To the extent that Defendant argues that the Complaint implies that Taylor’s emails were sent in response to Plaintiff’s December 2013 EEOC complaint, rather than to a prior complaint, 6 that claim is both confusing and without merit. Plaintiff suggests nothing of the sort in the Complaint. First, Plaintiff states that she was terminated in September 2010 and filed a complaint in the Northern District of New York in October 2011. Plaintiff alleges that Taylor subsequently sent the emails in question. Finally, Plaintiff states that she filed an EEOC charge against Defendant in December 2013. Nothing in the Complaint suggests that Plaintiff meant to allege that Taylor’s emails referred to her December 2013 EEOC complaint. See generally id. The Court finds it clear from the order of the allegations presented in the Complaint that Plaintiff alleges that Taylor’s emails were sent subsequent to Plaintiff’s complaint following her termination, and prior to her December 2013 EEOC complaint.
Additionally, to the extent that Defendant intends this argument to suggest that Plaintiff can not show causation between her protected activity and the emails, that argument also fails. Taylor’s first email directly states that Plaintiff had previously “filed a discrimination complaint against her former supervisor.” Exactly which prior complaint the email references does not matter at he present stage. Title VII “makes it unlawful for an employer to discriminate against an employee ‘because he has made a charge . . . or participated in any manner in an investigation, proceeding, or hearing” against her employer. Baez, 2011 WL 5838441, at *5 (citing 42 U.S.C. § 2000e–3(a)) (emphasis added). Therefore, any discrimination complaint made by Plaintiff prior to Taylor’s emails would constitute a protected activity, and the emails’ direct reference to protected activity is sufficient to suggest causation between Plaintiff’s protected activity and Taylor’s emails.

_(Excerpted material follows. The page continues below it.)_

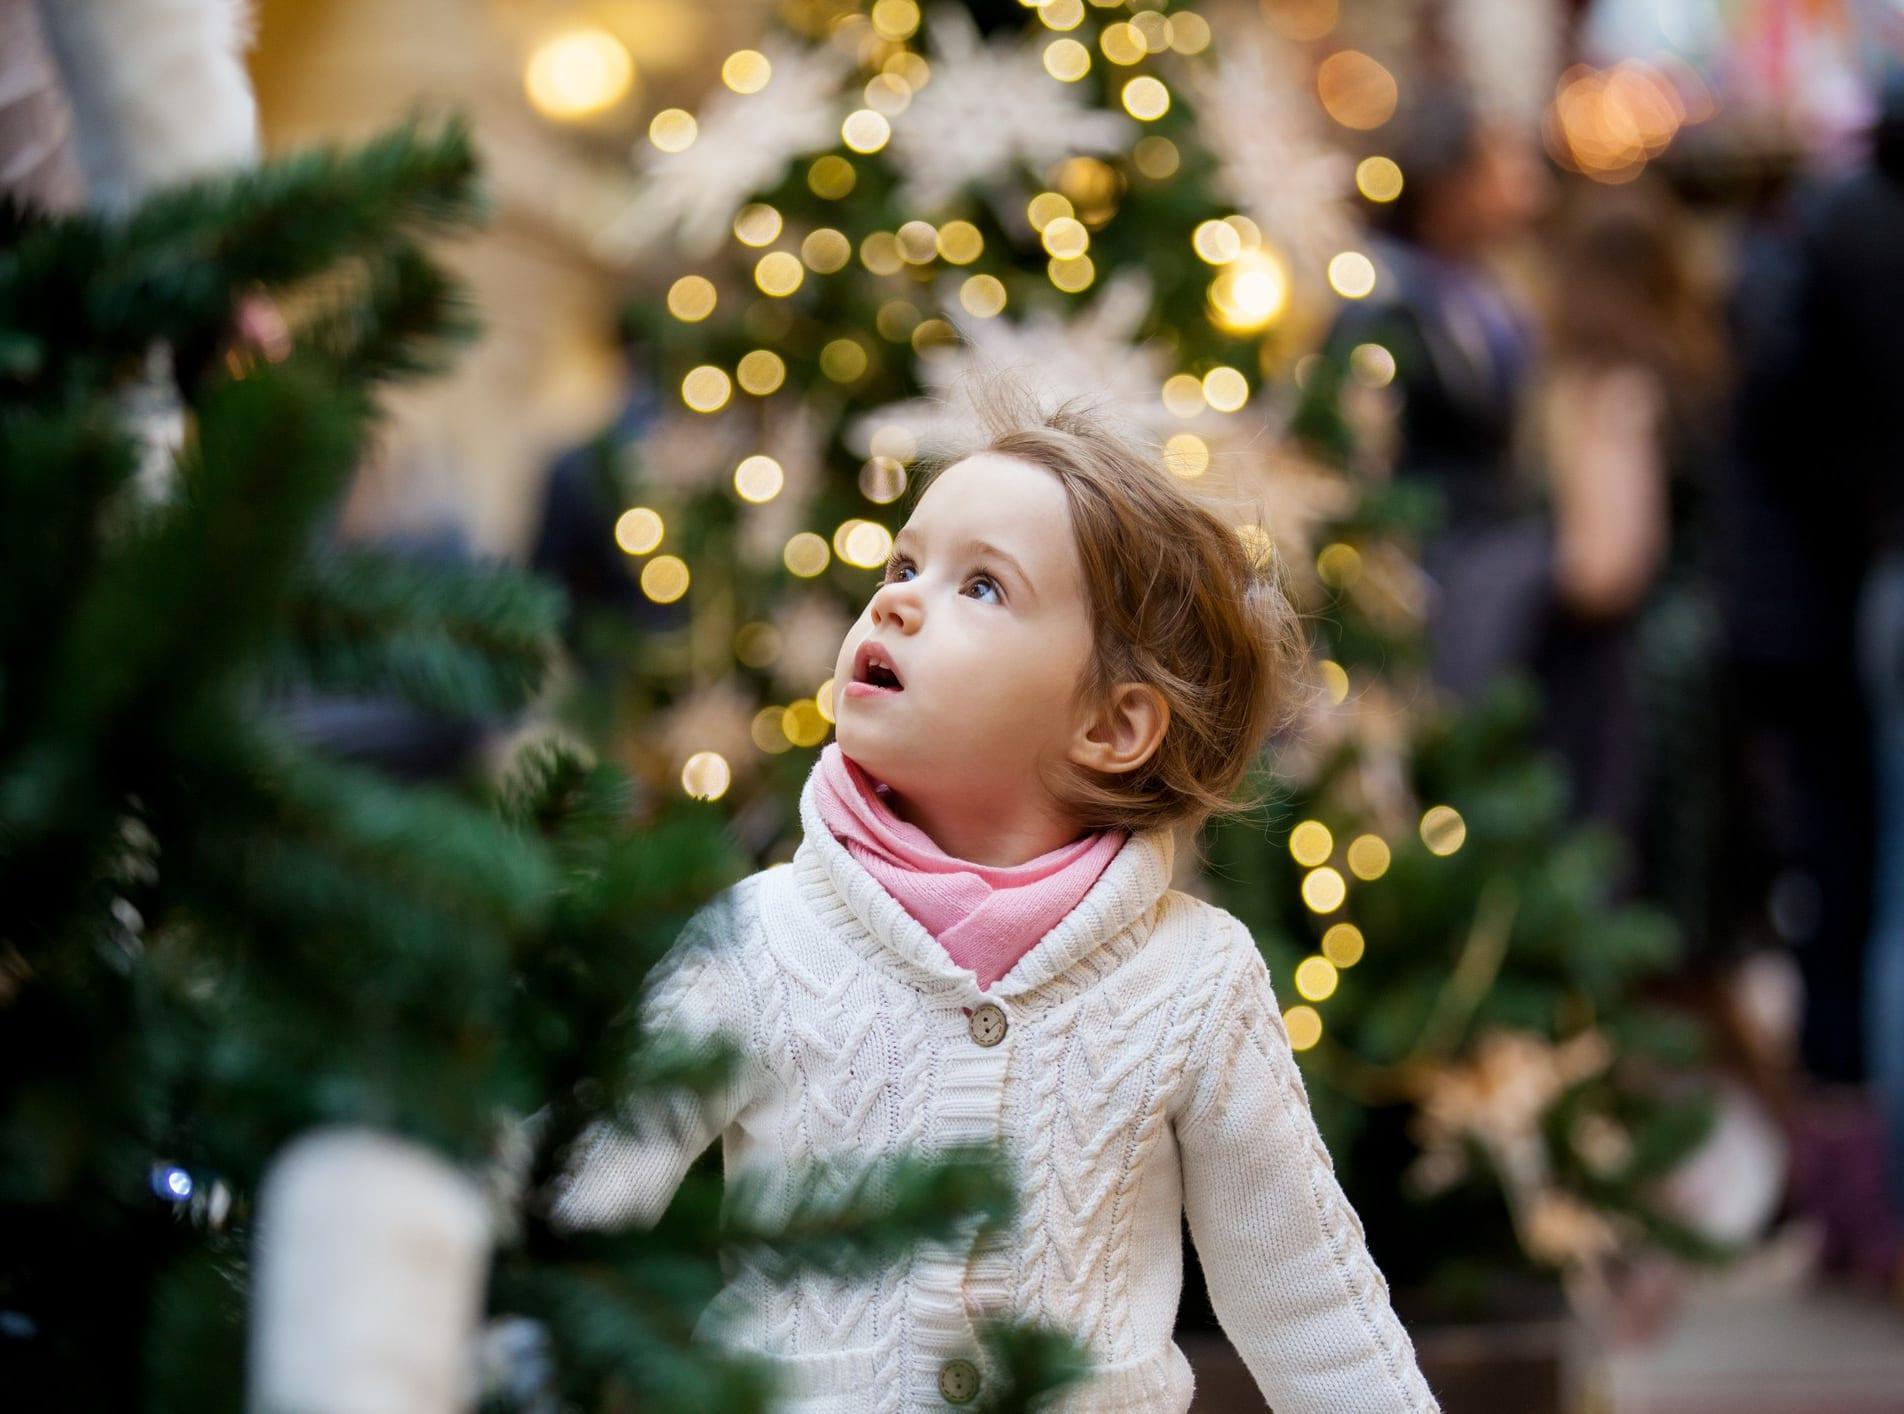 Det er lang tradisjon å tenne julegrana, hvor også lokale kor synger jula inn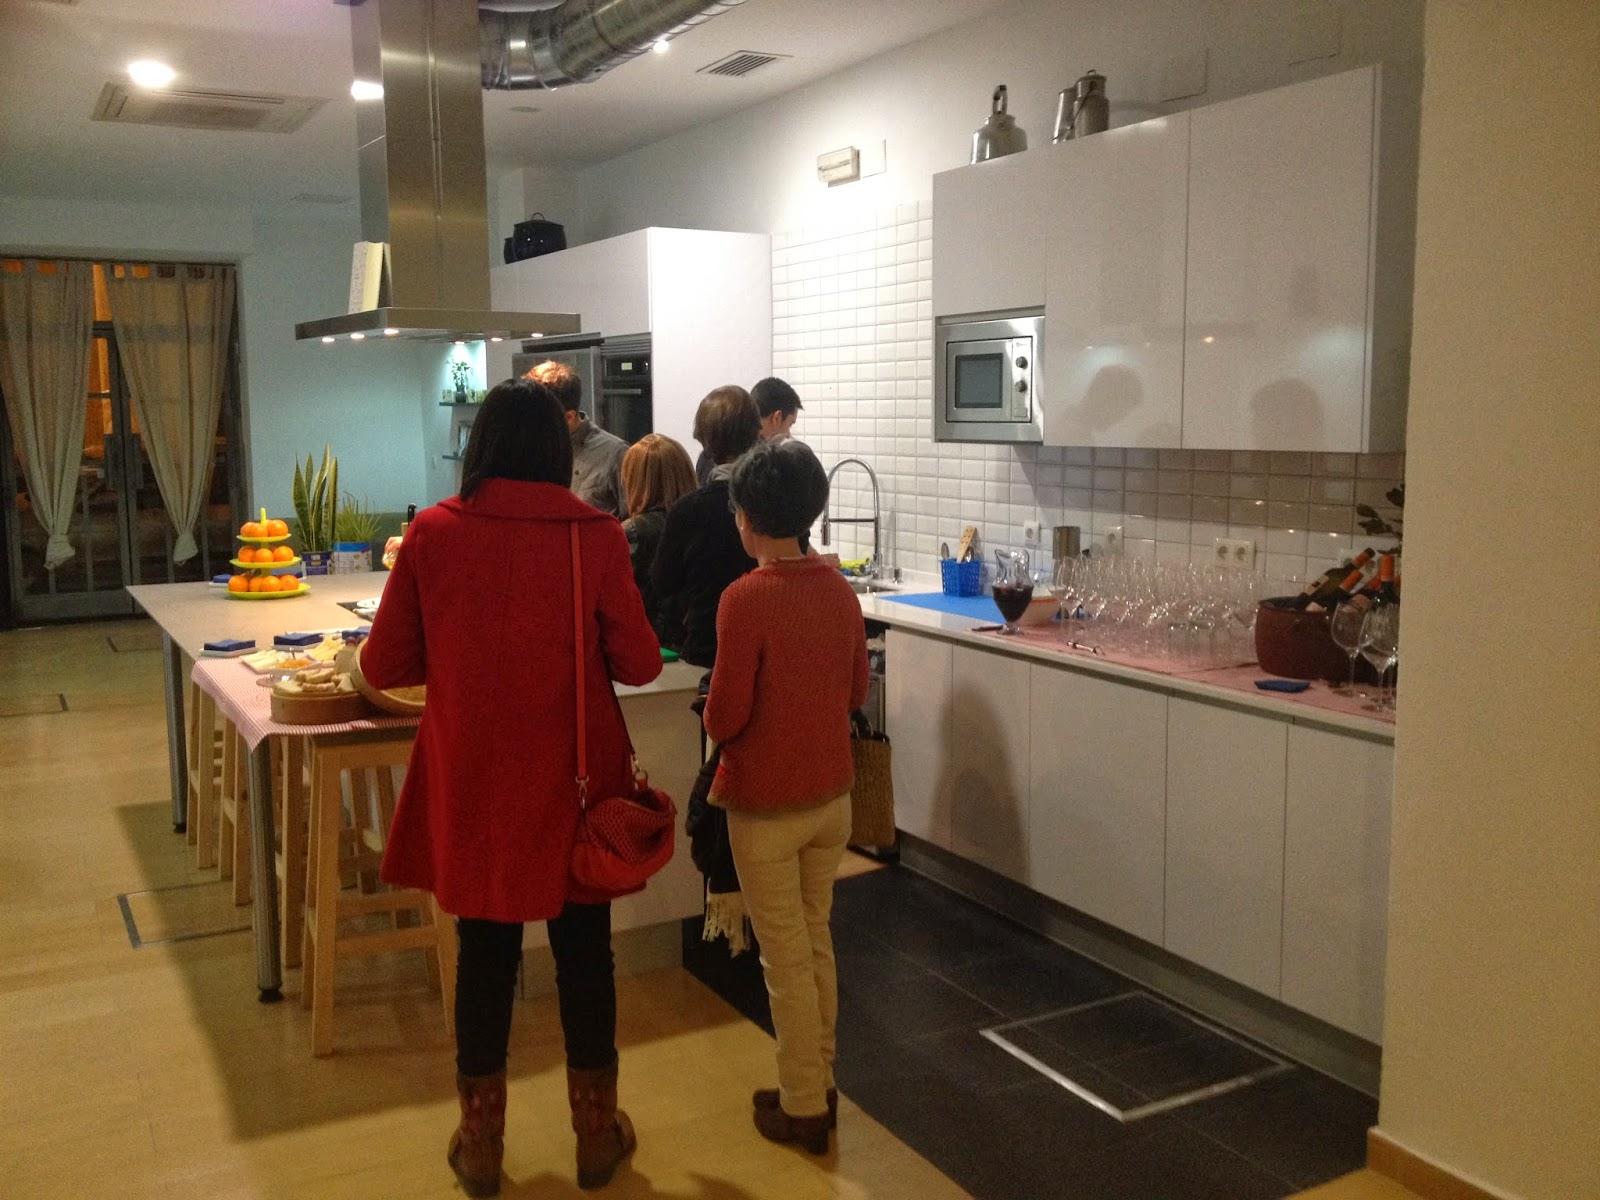 Kok tu cocina un espacio diferente en sevilla tarta chic - Curso cocina sevilla ...

What really gets me about this claim is that the employer knew that its employee was willing to go to the EEOC or file a discrimination charge. Having gone through that once again, why the hell did it poke the bear and retaliate? And, knowing her willingness and the likelihood of her filing a claim, why put their overt retaliation in writing? This just goes to show that some employer are really stupid.
Any retaliation from an employer for engaging in a protected activity is unlawful under Ohio and federal law. Once an employee makes a complaint regarding discrimination, the employer cannot punish the employee by refusing to consider them for promotions or benefits other employees who have not submitted a complaint have a right to obtain.